I've been working on some knot invaririants and specialy the Jones Polynomial. I was able to prove that $ V_{K_1 \# K_2} = V_{K_1} V_{K_2} $ for two knots $ K_1 $ and $ K_2 $ . So I found my self asking if the same raltion holds in the case of links. All books states that indeed $ V_{L_1 \# L_2} = V_{L_1} V_{L_2} $ for two knots $ L_1 $ and $ L_2 $ . But I coudn't no proof of that. So my question is how to prove that the jones polynomial of the connected sum of two links is the product of their jones polunomial.
Thanks in advance for the help.
Your equation holds for links, but there's a subtlety: The connected sum operation isn't actually well-defined on links; see this question. But it is well-defined if you specify the components that will be connected. Similarly, connected sums of link diagrams $D_1$ and $D_2$ can be made well-defined once you specify the two components that are to be connected (and an arc connecting them, technically).

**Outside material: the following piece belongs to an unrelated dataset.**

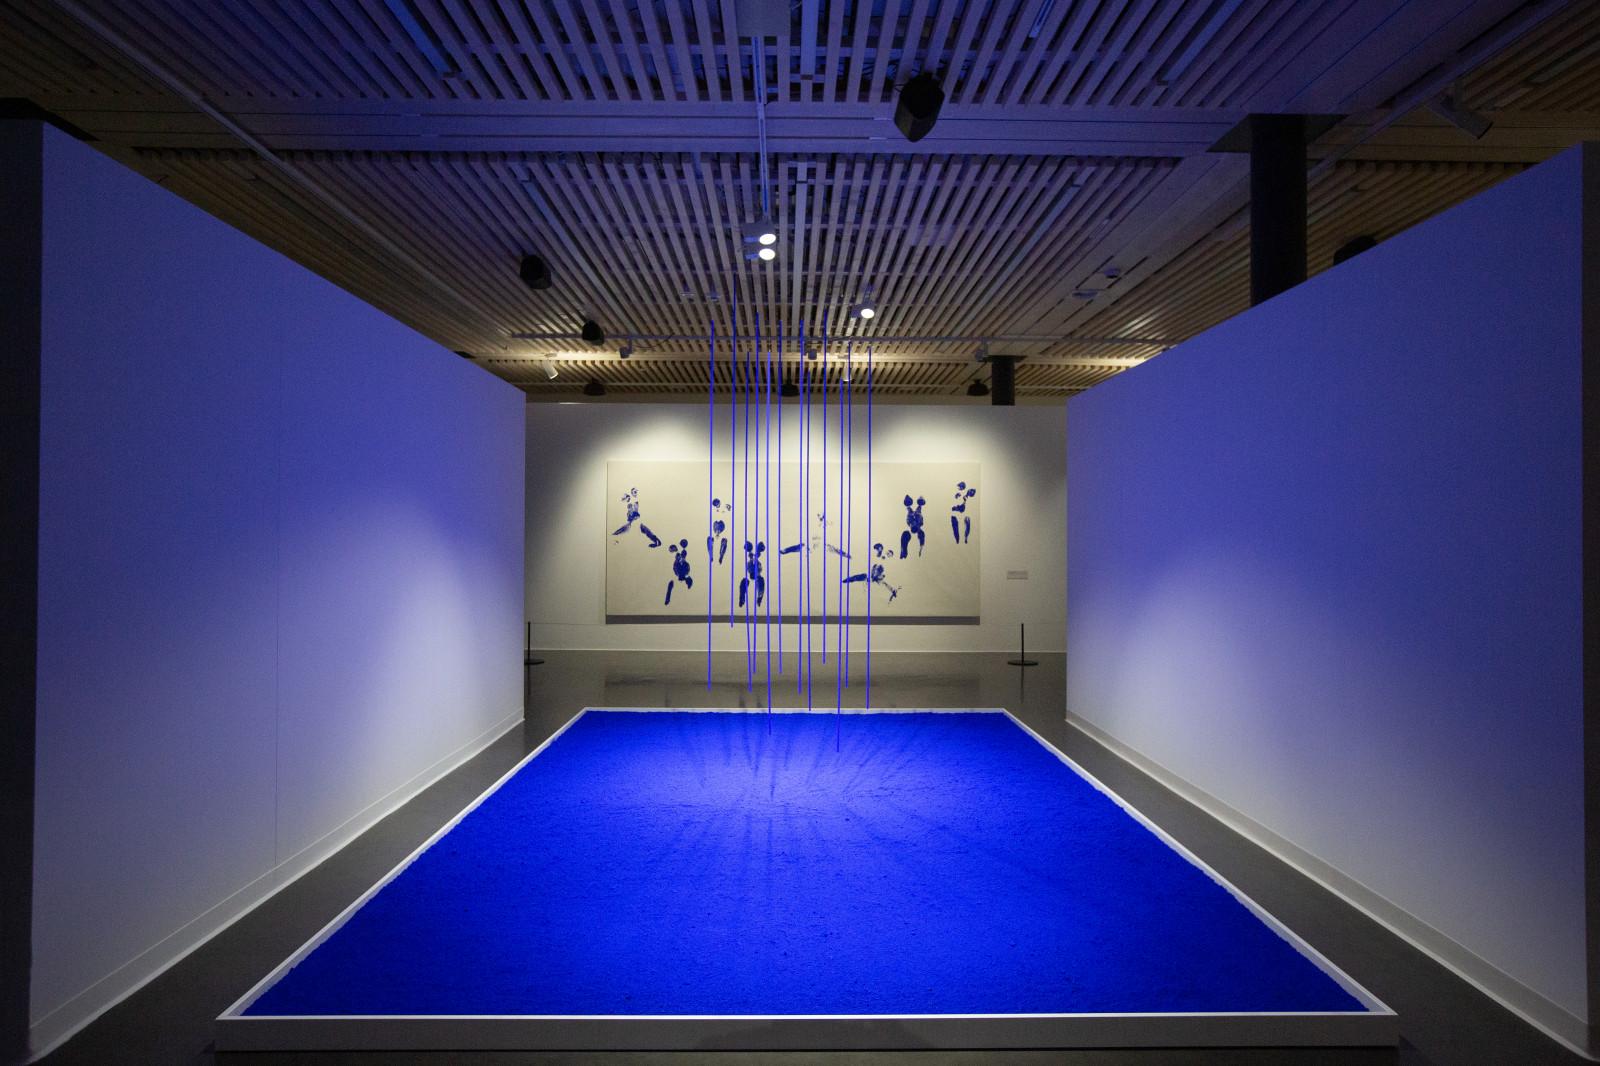 Vue de l'exposition "Yves Klein - Rêver dans le rêve des autres", Fondation Opale, Lens, Suisse, 2022
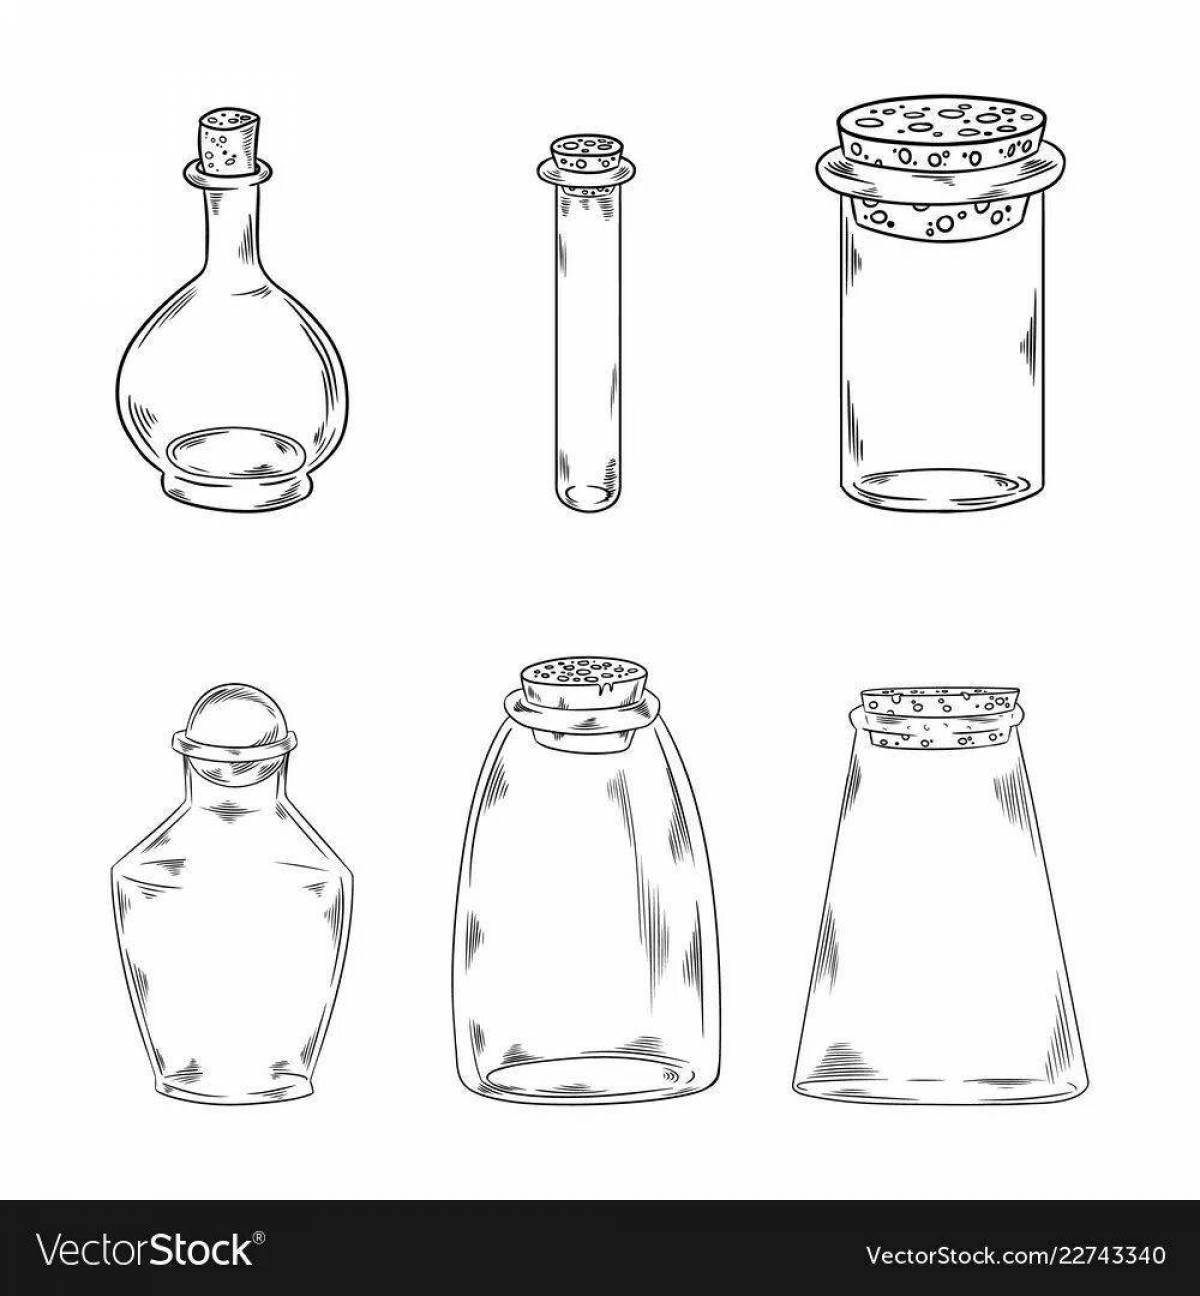 Potion in a bottle #4

If you take a careful look at your proof of the equation for knots, you'll probably see something curious and relevant: The Jones polynomial of a connected sum of link diagrams is well-defined, even if the actual diagram isn't. That is, regardless of which link components we connect (and the specific way in which we connect them), $$V_{D_1 \# D_2} = V_{D_1} V_{D_2}.$$ So if $L_1$ and $L_2$ are two links and $L$ and $L'$ are distinct connected sums of $L_1$ and $L_2$, then $$V_{L} = V_{L_1} V_{L_2} = V_{L'}.$$